When does the following type of matrix have full row and column rank?
For each entry, we take the value $v$=row*column. Then for the $b$th bit of $v$, $v_b$ we take the $b$th prime to the $v_b$ power.
EXAMPLES
Say row = 5 and column = 7. This is 5*7=35, which, in binary, is $100011_2$ So we take $$\cdot 13^1 \cdot 11^0 \cdot 7^0 \cdot 5^0 \cdot 3^1 \cdot 2^1$$ $$=2 \cdot 3 \cdot 13$$ $$=78$$ ...So the entry for the 5th row and 7th column would be 78.

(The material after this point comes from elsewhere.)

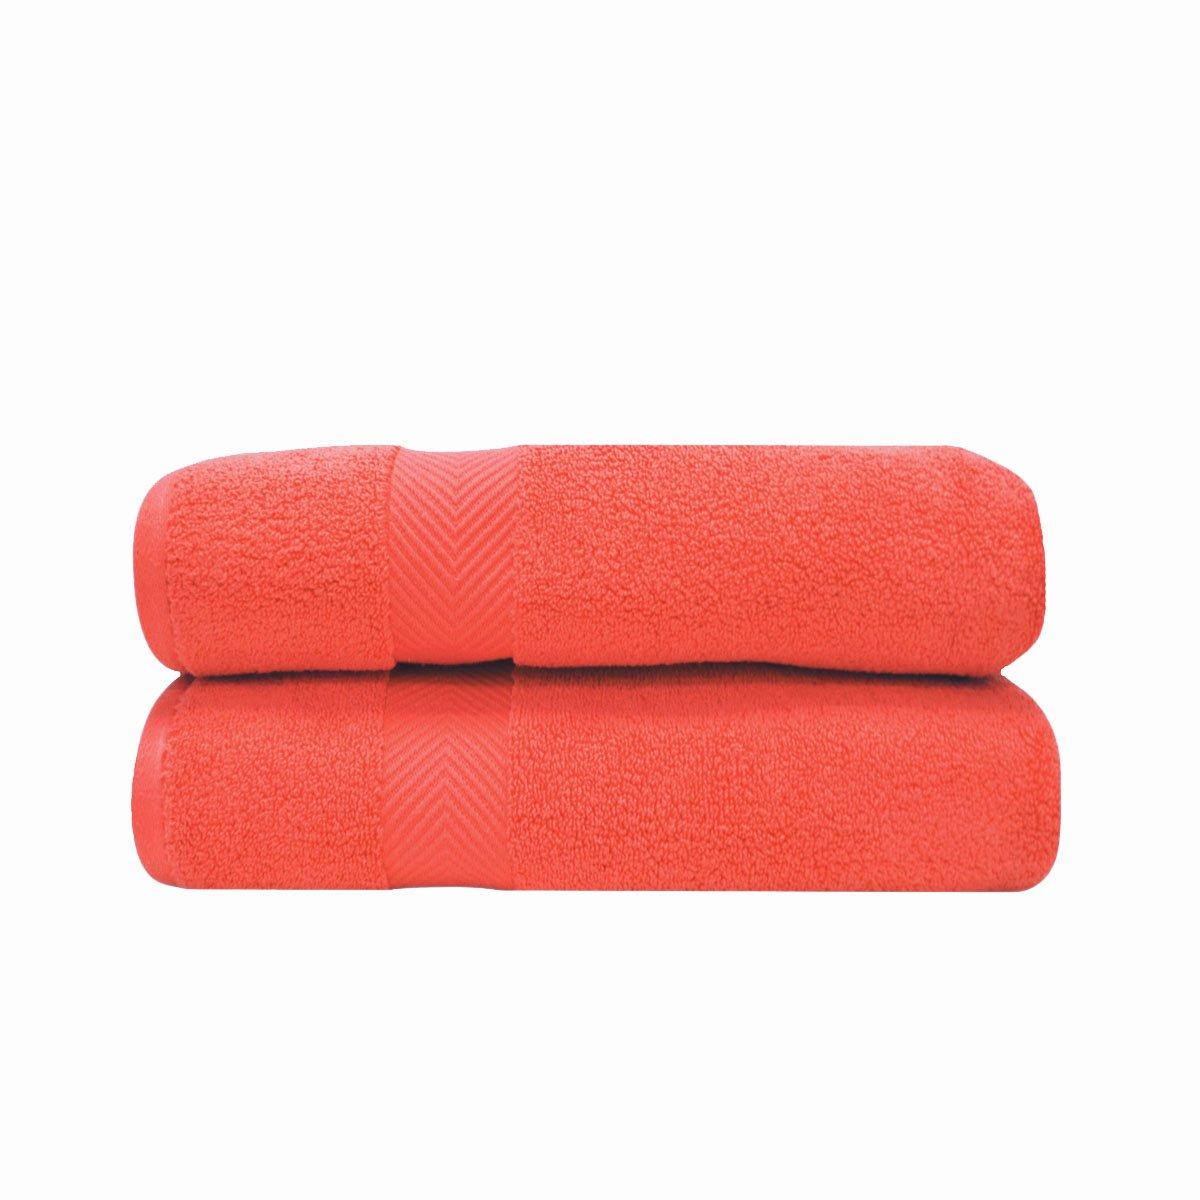 2ピースバスタオルセット、吸収性ゼロツイストコットン、10色 Bath Sheets オレンジ BNM ZT BSHEET CO B076X7WXJ9 コーラル Bath Sheets

Say row = 4 and column = 2. This is 4*2=8, which, in binary, is $001000_2$ So we take $$\cdot 13^0 \cdot 11^0 \cdot 7^1 \cdot 5^0 \cdot 3^0 \cdot 2^0$$ $$=7$$ ...So the entry for the 4th row and 2nd column would be 7.
THE GENERAL MATRIX
$$ \begin{matrix} 2^0 3^0 5^0 & 2^0 3^0 5^0 & 2^0 3^0 5^0 & 2^0 3^0 5^0 & 2^0 3^0 5^0 & \dots\\ 2^0 3^0 5^0 & 2^1 3^0 5^0 & 2^0 3^1 5^0 & 2^1 3^1 5^0 & 2^0 3^0 5^1 & \dots\\ 2^0 3^0 5^0 & 2^0 3^1 5^0 & 2^0 3^0 5^1 & 2^0 3^1 5^1 & 2^0 3^0 5^0 7^1 & \dots\\ 2^0 3^0 5^0 & 2^1 3^1 5^0 & 2^1 3^1 5^0 & 2^1 3^0 5^0 7^1 & 2^0 3^0 5^1 7^1 & \dots\\ \vdots & \vdots & \vdots & \vdots & \vdots & \ddots\\ \\ \end{matrix} $$
We can assume that the matrix is an $N \times N$ matrix.
SOME OBSERVATIONS
Just a general observation: The only counterexample for $N \times N$ matrices with $N$ ranging from 2 to 20 is $N=3$. All other matrices have full rank.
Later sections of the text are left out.